"[...] o inóspito, árido e descurado processo encontra-se estreitamente relacionado com as correntes espirituais dos povos e [...] as suas diversas concretizações devem ser incluídas entre os mais importantes testemunhos da cultura" (F. Klein (1902))



09/01/2017

Uma lacuna na execução provisória da sentença arbitral



1. A sentença arbitral é susceptível de ser impugnada seja através da interposição de um recurso para o tribunal estadual (art. 39.º, n.º 4, LAV), seja através da propositura de uma acção de anulação perante o tribunal estadual (cf. art. 46.º, n.º 1, LAV). Estas possibilidades são, contudo, assimétricas: para que o recurso seja admissível, é necessário que as partes o tenham previsto na convenção de arbitragem e que a causa não tenha sido decidida segundo a equidade ou mediante composição amigável (cf. art. 39.º, n.º 4, LAV); em contrapartida, a impugnação através do pedido de anulação é admissível sempre que as partes não tenham previsto a possibilidade de recurso (cf. art. 46.º, n.º 1, LAV).

2. Quando a decisão arbitral é recorrível, o recurso interposto para o tribunal estadual -- que é apelação -- tem, em regra, efeito devolutivo (art. 647.º, n.º 1, CPC), mas o recorrente pode obstar a esse efeito (e, portanto, à execução provisória da decisão (cf. art. 704.º, n.º 1, CPC)) se prestar caução (art. 647.º, n.º 4, CPC).

Se o recurso tiver efeito devolutivo, a decisão arbitral é susceptível de ser (provisoriamente) executada (art. 704.º, n.º 1, CPC). Na execução provisória, o exequente não pode ser pago sem prestar caução (art. 704.º, n.º 3, CPC). Esta caução destina-se, naturalmente, a ser entregue ao executado, caso a decisão arbitral venha a ser revogada ou modificada pelos tribunais estaduais.

3. A sentença arbitral pode servir de base à execução, ainda que haja sido impugnada em acção de anulação (art. 47.º, n.º 3, LAV), mas, à semelhança do que sucede quanto às sentenças dos tribunais estaduais (cf. art. 647.º, n.º 4), o impugnante pode requerer ao tribunal estadual que a impugnação tenha efeito suspensivo da execução, desde que se ofereça para prestar caução (art. 47.º, n.º 3, LAV). O art. 47.º, n.º 4, LAV manda aplicar o disposto nos actuais art. 648.º e 650.º CPC à prestação de caução pelo impugnante, pelo que a atribuição de efeito suspensivo à impugnação da decisão arbitral extingue-se se a acção de anulação estiver parada durante mais de 30 dias por negligência desse impugnante (art. 648.º, n.º 1, CPC).  

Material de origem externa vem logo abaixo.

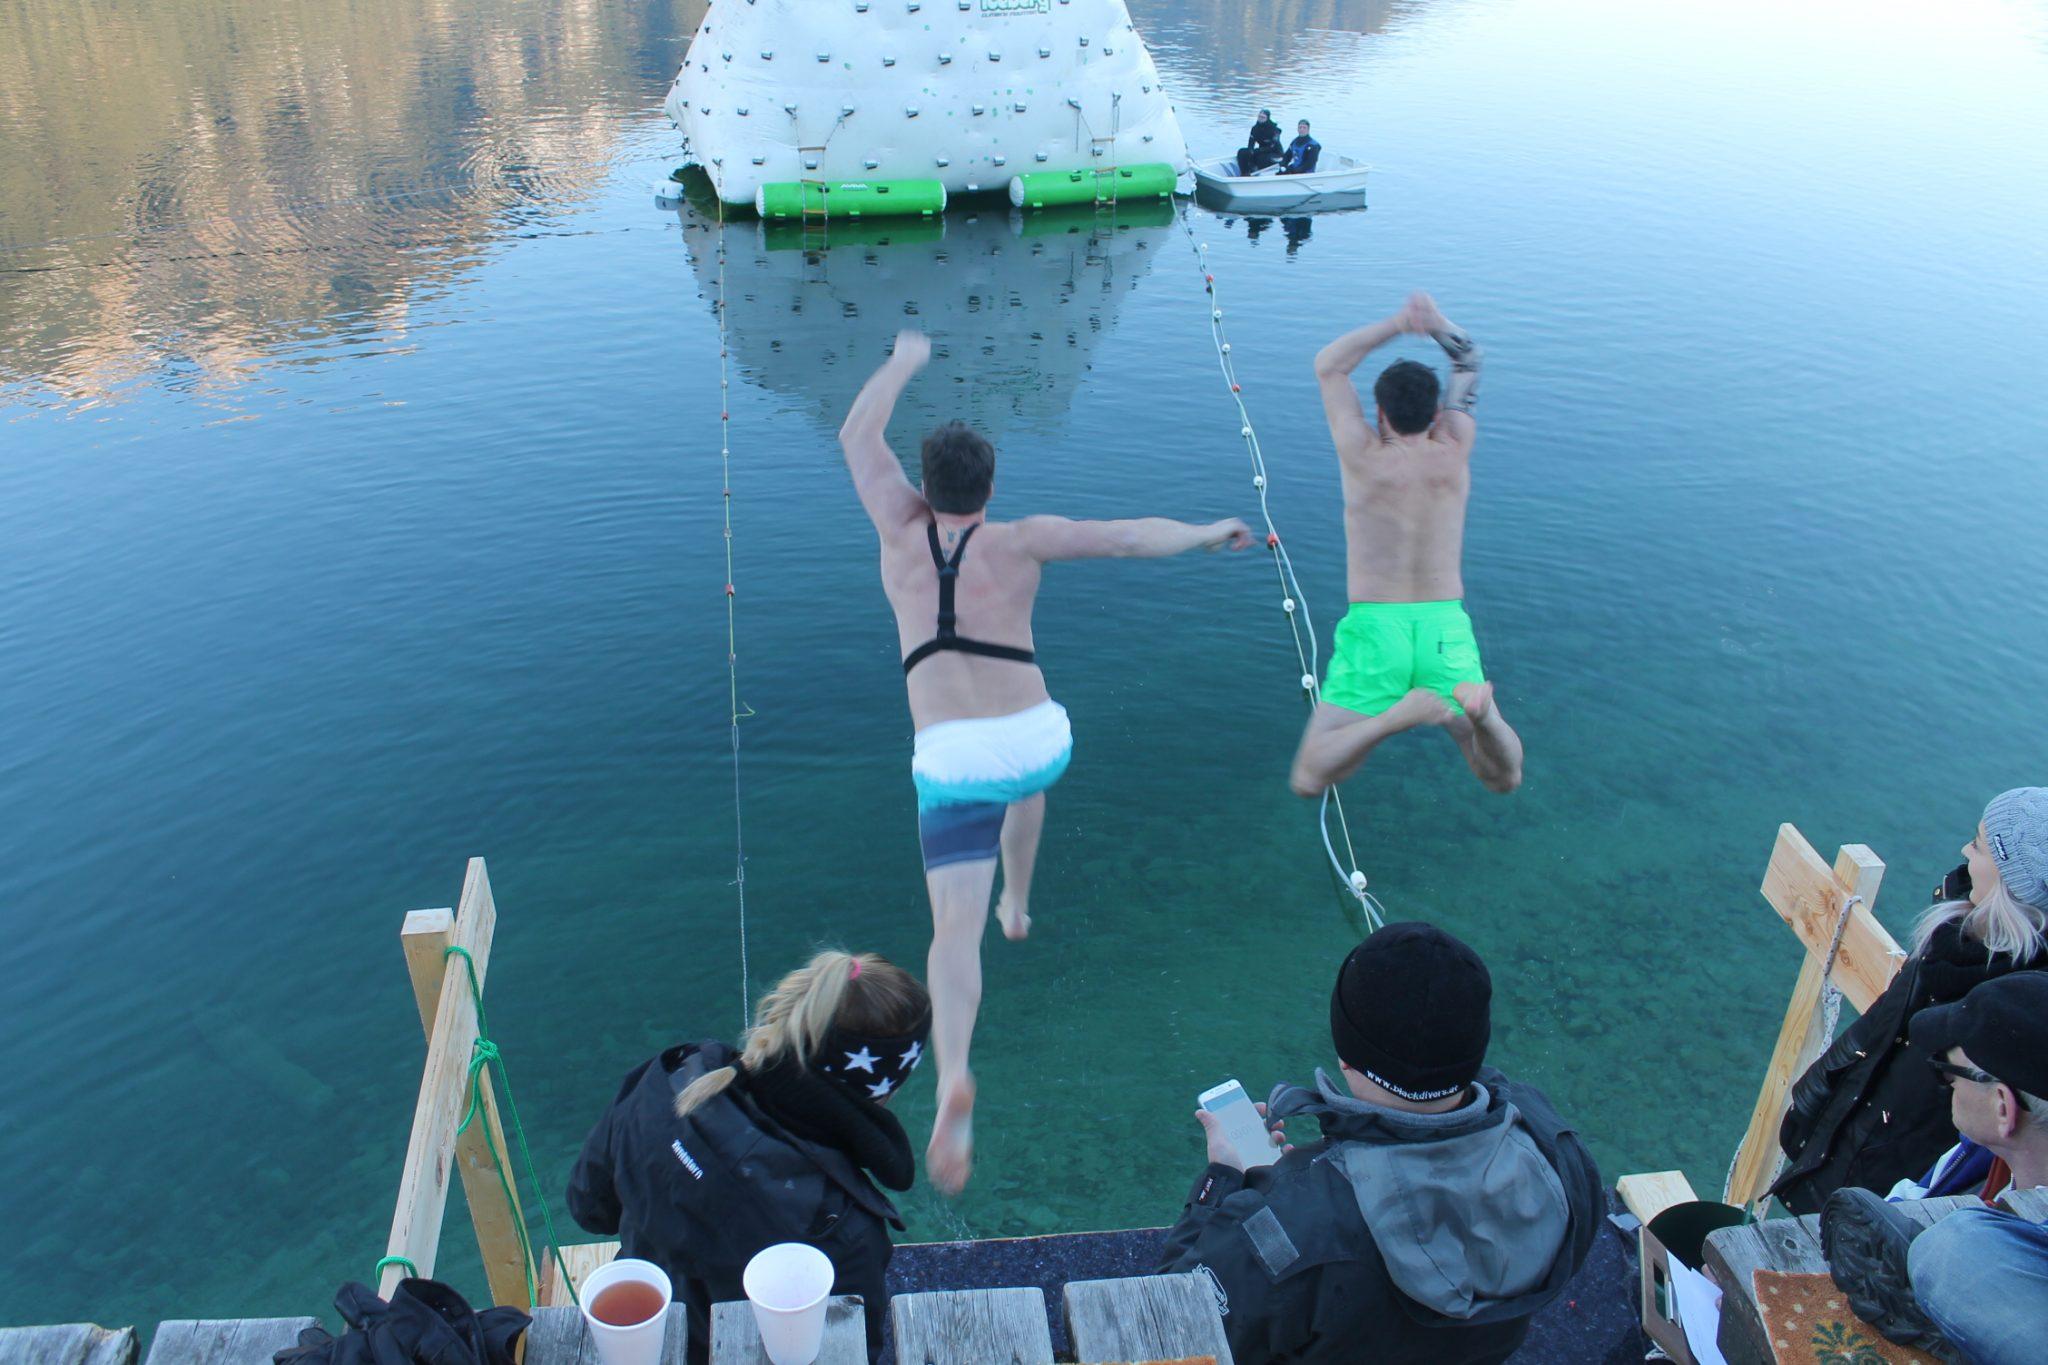 Silvesterschwimmen am Achensee

Do exposto decorre que a regra é a execução provisória da decisão arbitral impugnada através da acção de anulação. Como se referiu, quando a decisão arbitral é impugnada através de recurso (cf. art. 39.º, n.º 4, LAV), o exequente não pode ser pago sem prestar caução (cf. art. 704.º, n.º 3, CPC). Uma semelhante regra não se encontra, porém, para a hipótese em que a decisão arbitral tenha sido impugnada através de uma acção de anulação.

Contra esta conclusão não pode ser invocado o disposto no art. 46.º, n.º 2, al. e), LAV, que manda aplicar à acção de anulação da decisão arbitral a "tramitação do recurso de apelação, com as necessárias adaptações". Parece, no entanto, ser claro que a tramitação da apelação nada tem a ver com uma prestação de caução num processo executivo, desde logo porque, se não for proposta nenhuma execução, o problema da prestação da caução pelo credor durante a pendência da apelação nem sequer se coloca. Esta prestação pertence exclusivamente à tramitação do processo executivo, como, aliás, mostra a colocação sistemática do art. 704.º CPC. 

A unidade do sistema jurídico não pode deixar de exigir para a execução provisória que seja instaurada durante a pendência da acção de anulação a mesma solução que vale para a execução provisória que seja proposta enquanto a decisão arbitral está pendente de recurso ordinário. Sendo assim, verifica-se uma lacuna quanto à não estatuição da obrigatoriedade de prestação de caução pelo credor que obtém o pagamento da quantia exequenda na execução provisória que é instaurada durante a pendência da acção de anulação. Esta lacuna deve ser integrada através da aplicação analógica do disposto no art. 704.º, n.º 3, CPC (cf. art. 10.º, n.º 1 e 2, CC), pelo que, enquanto estiver pendente a acção de anulação da decisão arbitral, o exequente não pode ser pago sem prestar caução. Caso a decisão arbitral venha a ser anulada, o montante da caução prestada pelo exequente assegura a indemnização do executado.